5. Software Vulnerabilities
Outdated software or software that has not been recently patched can put sensitive data at risk. Criminals may also create a vulnerability in open-source applications by writing it into the code.
6. Old Data
Most companies grow, expand, and evolve. Employees come and go, infrastructures are upgraded, and systems change, which may leave old data unprotected or exposed.
Four Ways Criminals Exploit Data Leaks
1. Social Engineering
In social engineering scams, the perpetrator first attempts to gain and then exploit the user's trust. They usually send an email enticing the recipient to click on a link that installs malware or another malicious program on their computer. Or they may use phishing attacks to get them to reveal credentials, financial or personal information, or convince them to make an unauthorized transaction.
Doxxing is a form of bullying or harassment and entails acquiring and then publishing the information of a person or company without their permission. Once sensitive or personal information becomes public, it can be used to gain access to online accounts, bank accounts, or credit card accounts.
3. Surveillance and Intelligence
Data from a leak can be used to blackmail certain entities, shape public opinion, manipulate outcomes, and gain favor. It can be very damaging but effective, particularly in politics and business espionage.
People who exploit data leaks may misuse information to disrupt the operations of target organizations, such as businesses or government bodies.
Three Steps To Fix a Data Leak
Prevention is better than cure, so whether you are trying to contain a data leak or preventing it from happening in the first place, here are some steps to take:
1. Validate Cloud Storage Configurations
Cloud storage can easily become the source of a leak, so make sure it is secure when you first set it up and then periodically as your organization expands and evolves. Establish that the system is working as intended.
2. Automate Process Controls
As your organization grows, it can be difficult to ensure consistency and security. Automation can help because computers can handle the workload better than humans. Documenting and standardizing process controls ensure security policies that safeguard cloud storage are enforced.
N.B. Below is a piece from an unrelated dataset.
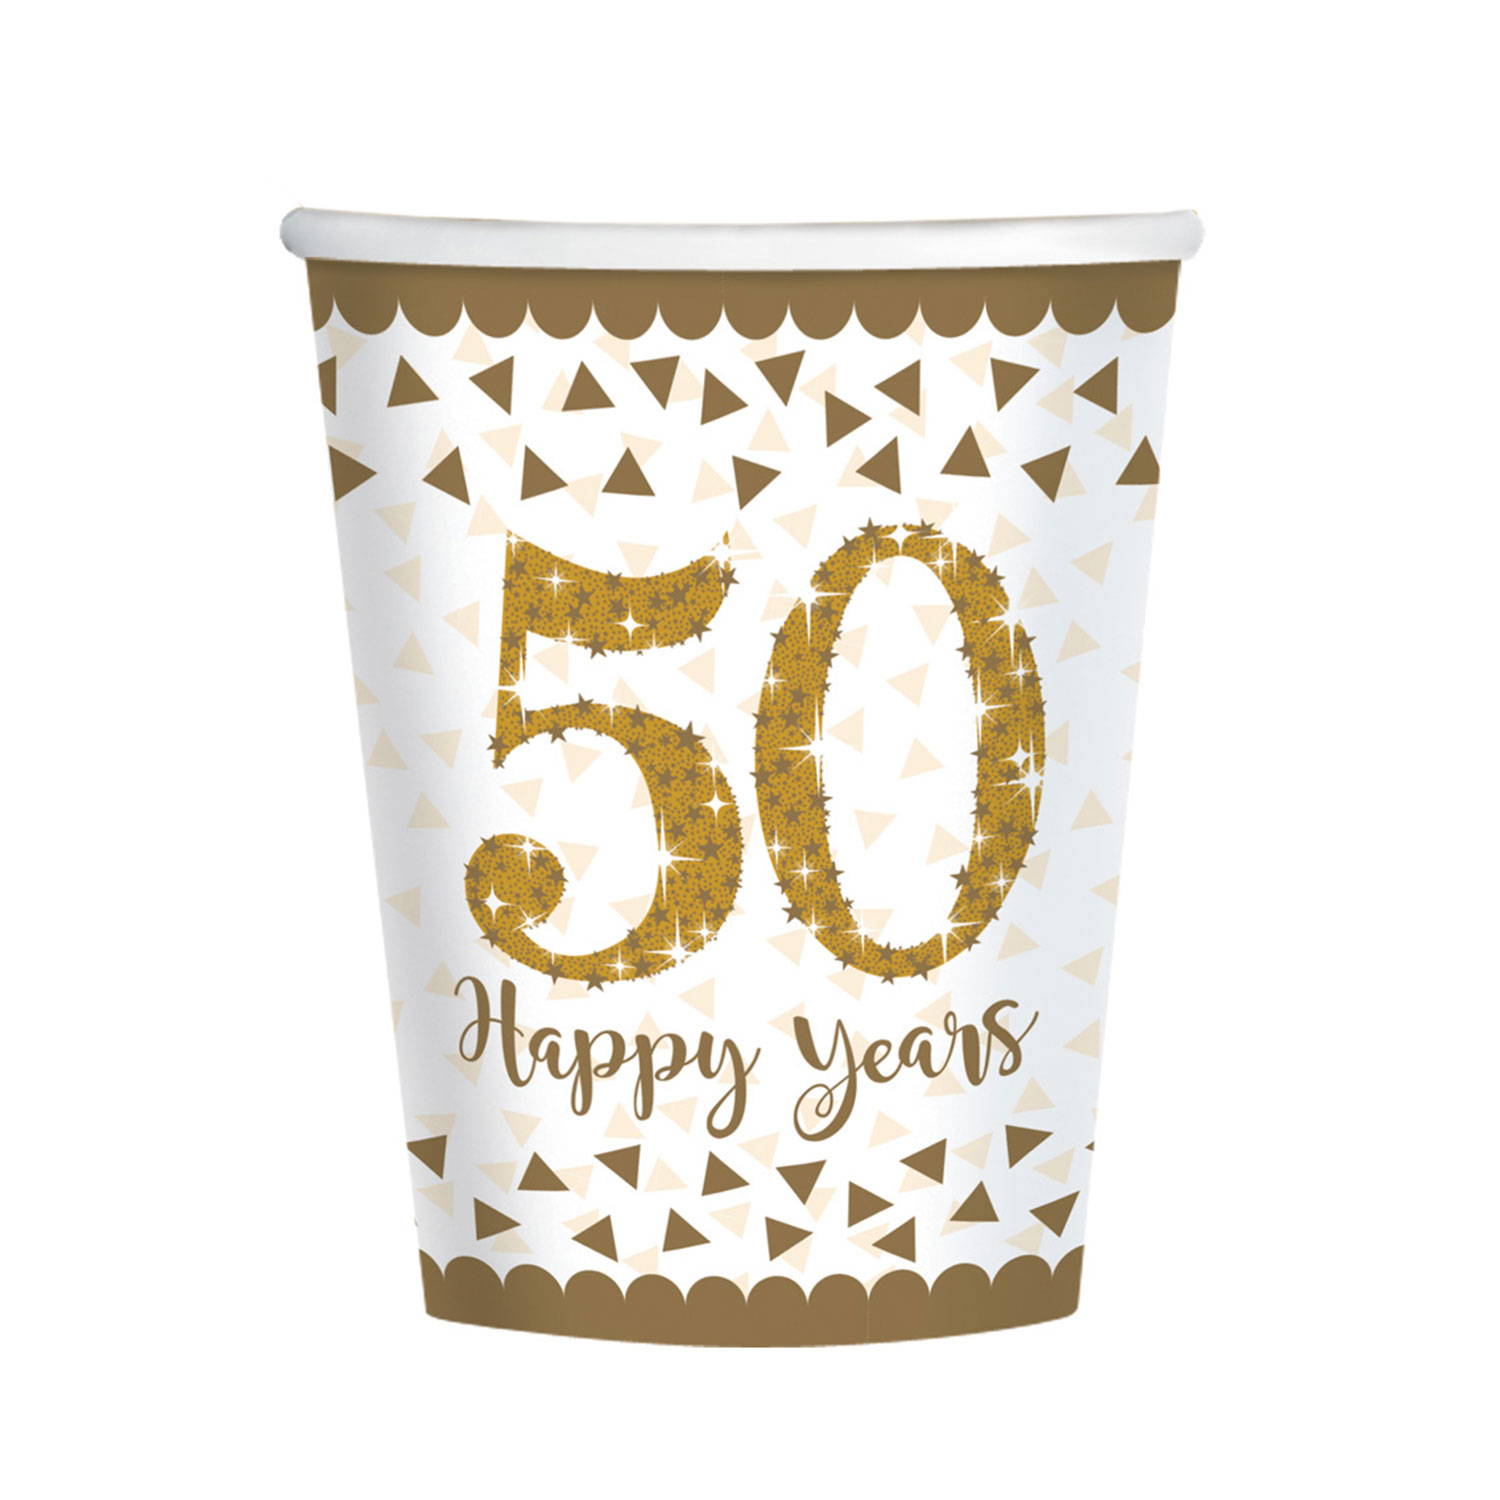 Sparkling Golden Anniversary Paper Cups 266ml

3. Monitor Third-party Risk
Allowing third parties to access your systems is often a necessary risk, but data leaks can be minimized through vigilant monitoring. This is particularly important because your company is responsible for data security compliance, even if a leak is caused by a third party.
How Fortinet Can Help
Preventing data leaks can be challenging, and the challenge grows as your organization grows. Security teams need visibility and control to identify and mitigate any potential leaks. FortiCNP by Fortinet provides organizations with cloud-native protection services, including risk and threat management, data protection, and data security compliance.
What is a data leak?
A data leak refers to an event in which an internal party or source exposes sensitive data, usually unintentionally or by accident. The results of a data leak can range from loss of information to malicious exploitation. Often, data leaks lead to data breaches.
How does a data leak happen?
A data leak happens when someone from within the organization inadvertently exposes confidential data. It is often the result of outdated systems, poor password policies, stolen or lost devices, and software vulnerabilities.
How to fix a data leak?
Prevention is better than cure, so whether your security team has identified a data leak that needs to be contained or they are preventing leaks from even happening, they must ensure cloud storage configurations are correct, automate process controls, and monitor third-party risk.